Growing Apart

Conjoined twin sisters successfully separated in Haiti

(Left to right) Michelle, Marian, and Tamar Bernard rest in the same crib days after the twins' separation. Image: Diane Sherman for Partners In Health

(Left to right) Michelle, Marian, and Tamar Bernard rest in the same crib days after the twins' separation. Image: Diane Sherman for Partners In Health

An international team of 18 surgeons, anesthesiologists and nurses led by Henri Ford HMS ’84, recently collaborated in separating conjoined Haitian twins, the first such operation ever performed in Haiti.

Marian Dave-Nouche Bernard and Michelle Dave-Nouche Bernard, were born on Nov. 24, 2014, connected at the abdomen.
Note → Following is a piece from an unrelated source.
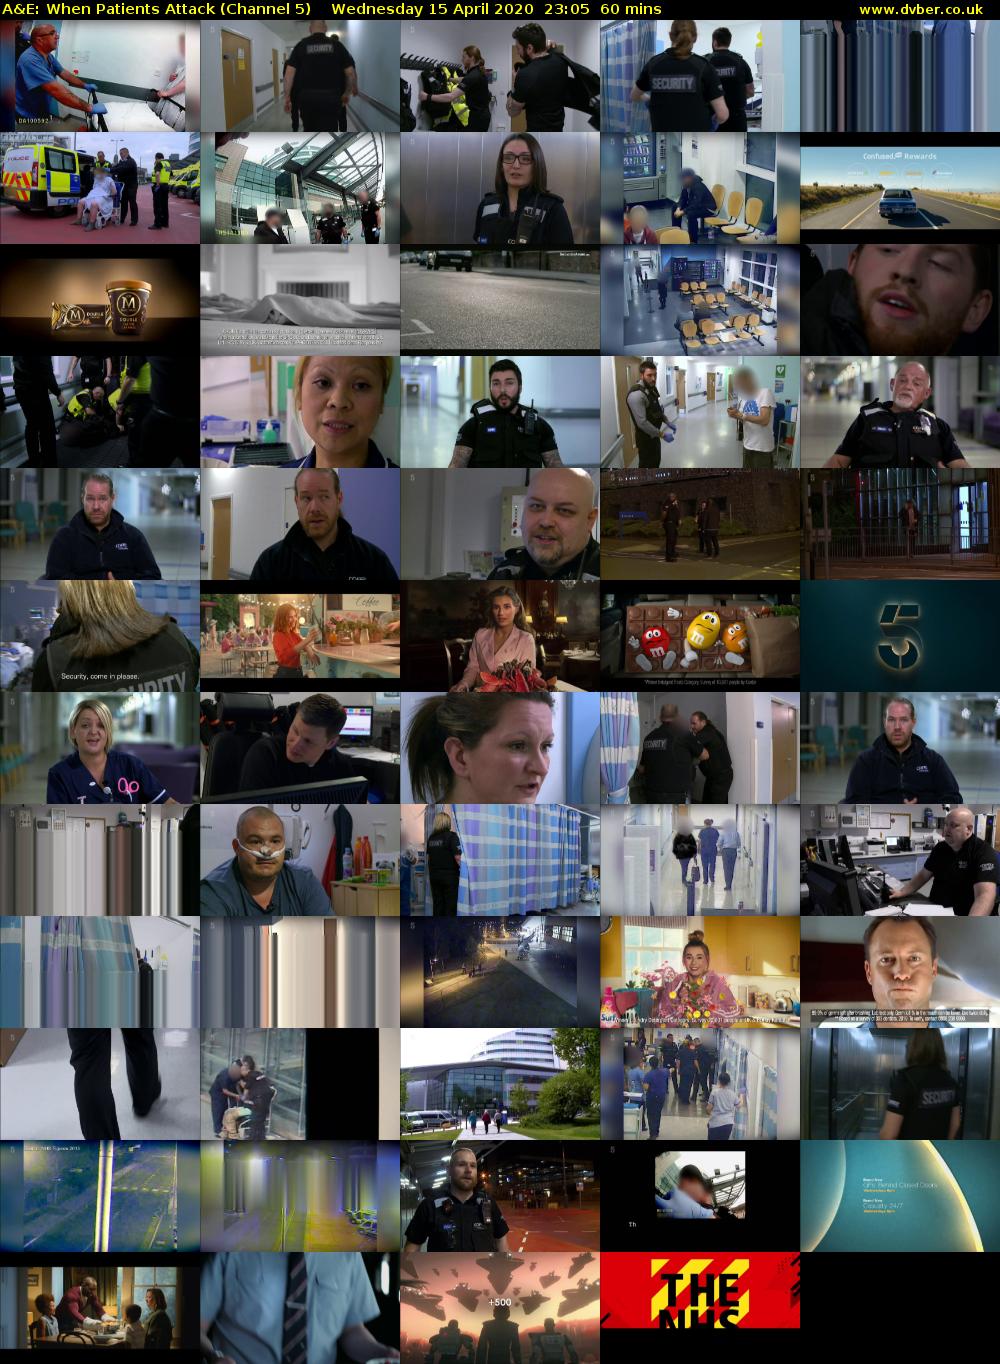 A&E: When Patients Attack (Channel 5) Wednesday 15 April 2020 23:05 - 00:05

The girls were separated after a seven-hour surgery on May 22 at the Mirebalais University Hospital in rural Haiti.

Ford said the “girls were doing fantastic” following the surgery and were ready to be discharged 12 days after the operation. He said they were expected to make a full recovery and go on to lead healthy lives.

The twins, who were part of a set of triplets, were born with their sister, Tamar.

Ford is the Haitian-born surgeon in chief at Children’s Hospital Los Angeles and vice dean for medical education, professor and vice chair for clinical affairs, Department of Surgery, Keck School of Medicine, University of Southern California. Mac Lee Jean-Louis, director of surgery at University Hospital, helped lead the surgical efforts.

The surgical and medical team included caregivers from Children’s Hospital Los Angeles, GHESKIO Centers, Hospital Bernard Mevs–Project Medishare and University Hospital.

Because the hospital was able to provide the necessary surgical and medical infrastructure and integrate it with the local health system, it was possible to perform the surgery in Haiti, rather than flying the infants to an American hospital, the physicians said. Part of the process of preparing for the surgery included training local clinicians in the specialized postsurgical care the twins would require.

As the international team was assembled, Michelle Morse, deputy chief medical officer for Partners In Health in Haiti, coordinated the team’s collaborative efforts from Mirebalais.

Morse is also an HMS clinical instructor in medicine at Brigham and Women’s Hospital and an affiliated member of the HMS Department of Global Health and Social Medicine.

Mirebalais University Hospital, a state-of-the-art teaching hospital on the outskirts of Port-au-Prince, officially opened its doors in April 2013 to help meet the dire health care needs in Haiti that were worsened by the 2010 earthquake that destroyed many of the nation’s hospitals, clinics and clinical education facilities.

To address the nation’s serious health care needs a coalition of nongovernmental, governmental, corporate, foundation and academic partners worked together to build the new hospital.

Partners In Health, a global health delivery nonprofit co-founded by Paul Farmer, the Kolokotrones University Professor at Harvard and chair of the HMS Department of Global Health and Social Medicine, led the coalition.

Partners In Health operates University Hospital in partnership with Haiti’s Ministry of Health.

At the hospital’s opening Farmer said that the site would be a place "where we can treat the sick, transmit knowledge to a new generation of caregivers and carry out research on the effectiveness of new models and methods for global health delivery.”